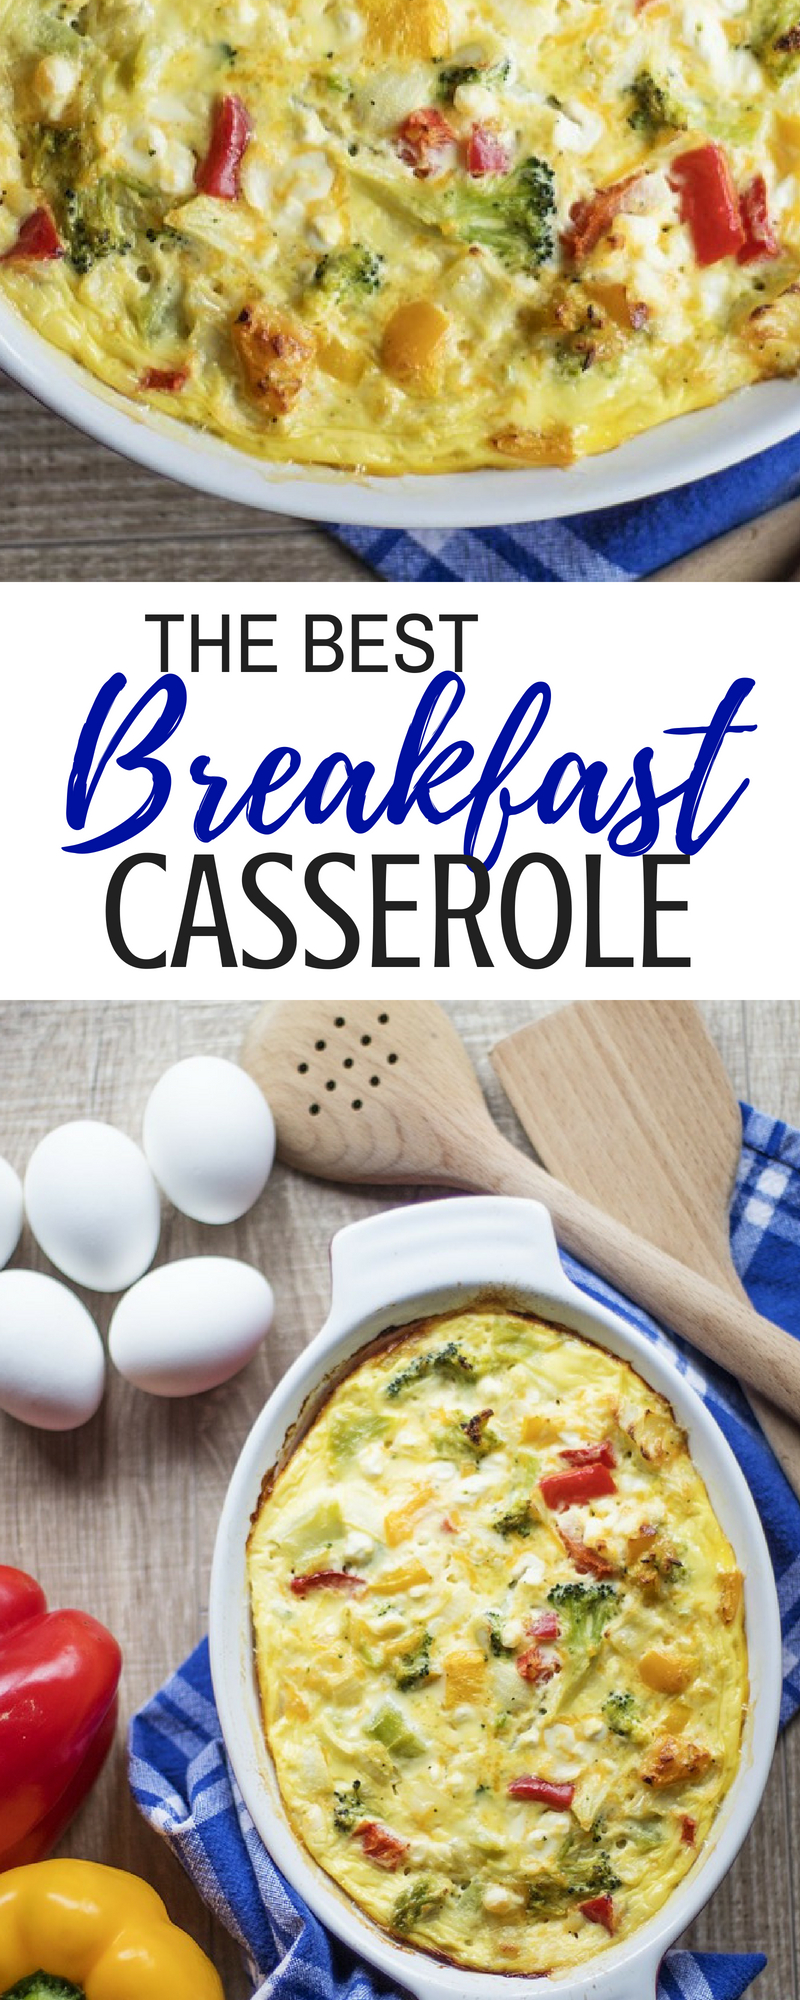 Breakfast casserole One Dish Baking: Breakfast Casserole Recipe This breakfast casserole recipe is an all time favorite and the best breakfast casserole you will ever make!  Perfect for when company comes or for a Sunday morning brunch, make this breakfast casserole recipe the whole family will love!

#####

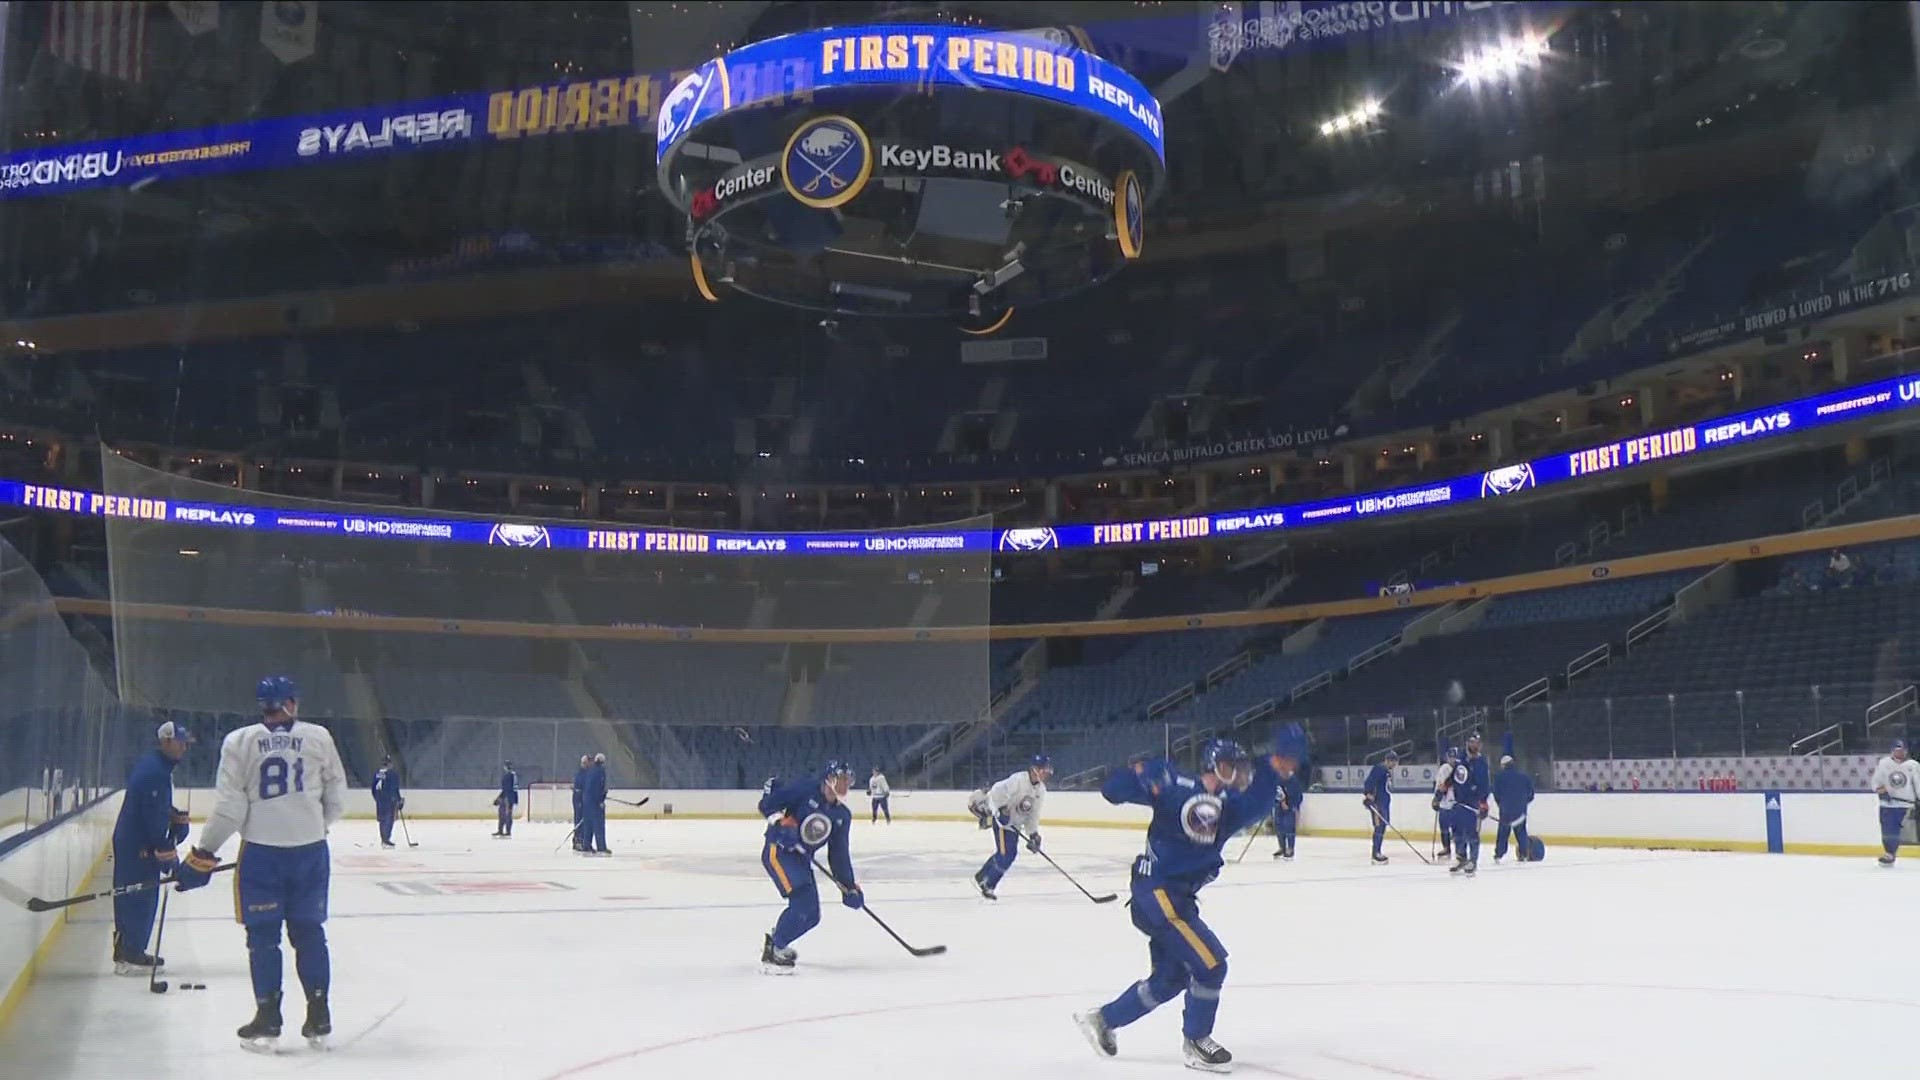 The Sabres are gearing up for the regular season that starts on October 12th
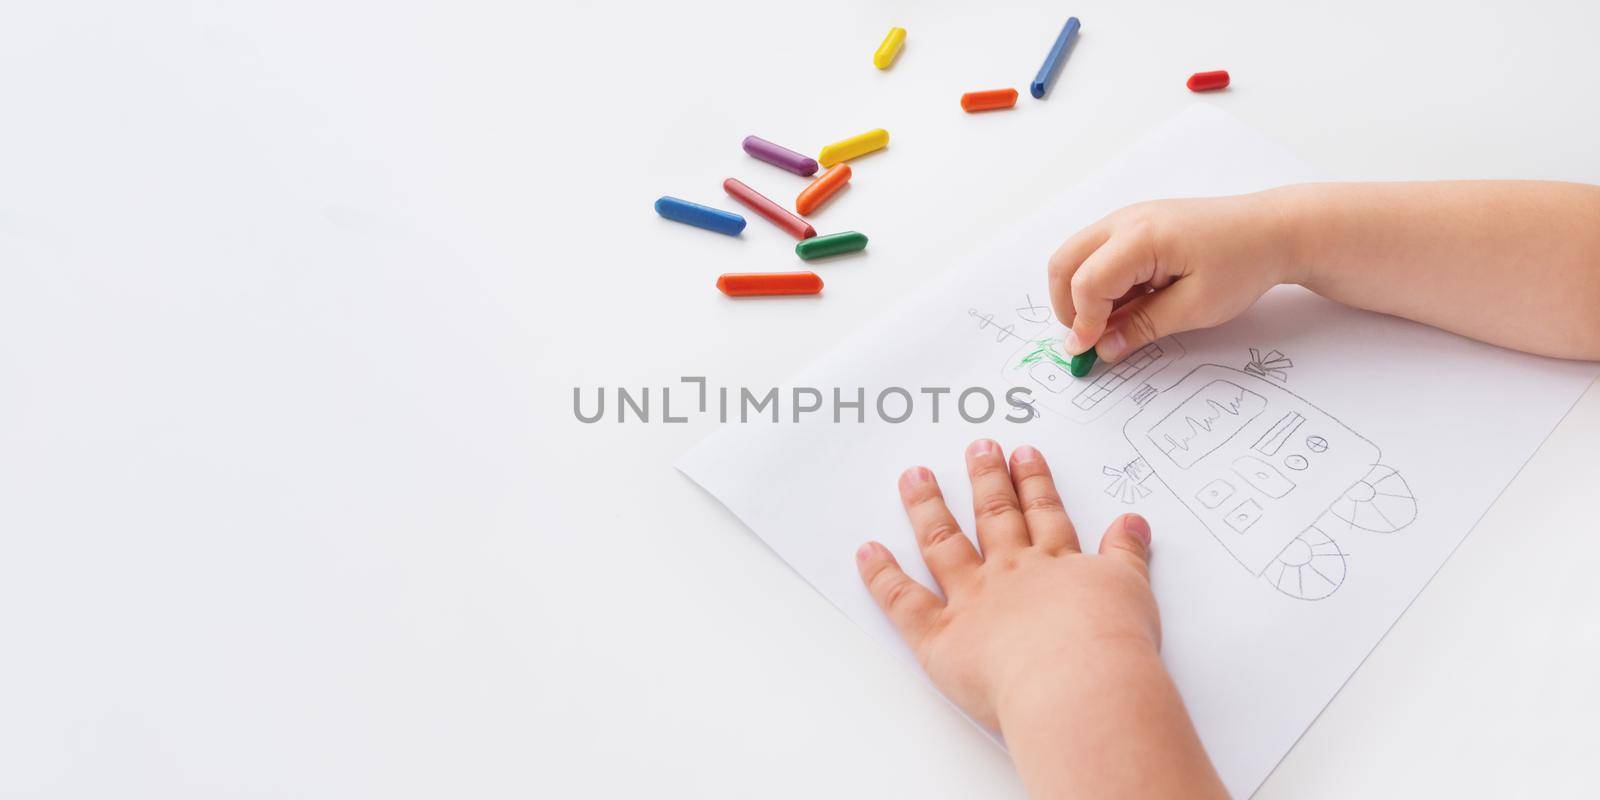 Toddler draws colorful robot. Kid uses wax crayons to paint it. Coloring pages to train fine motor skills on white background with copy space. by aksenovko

#####

[EXERCISE DETAILS]
Give again, exactly as written above, each line from the one that has "The Sabres are" to the one that has "Toddler draws colorful", both included; omit the pictures.

[OUTPUT BELOW]
 The Sabres are gearing up for the regular season that starts on October 12th
 Toddler draws colorful robot. Kid uses wax crayons to paint it. Coloring pages to train fine motor skills on white background with copy space. by aksenovko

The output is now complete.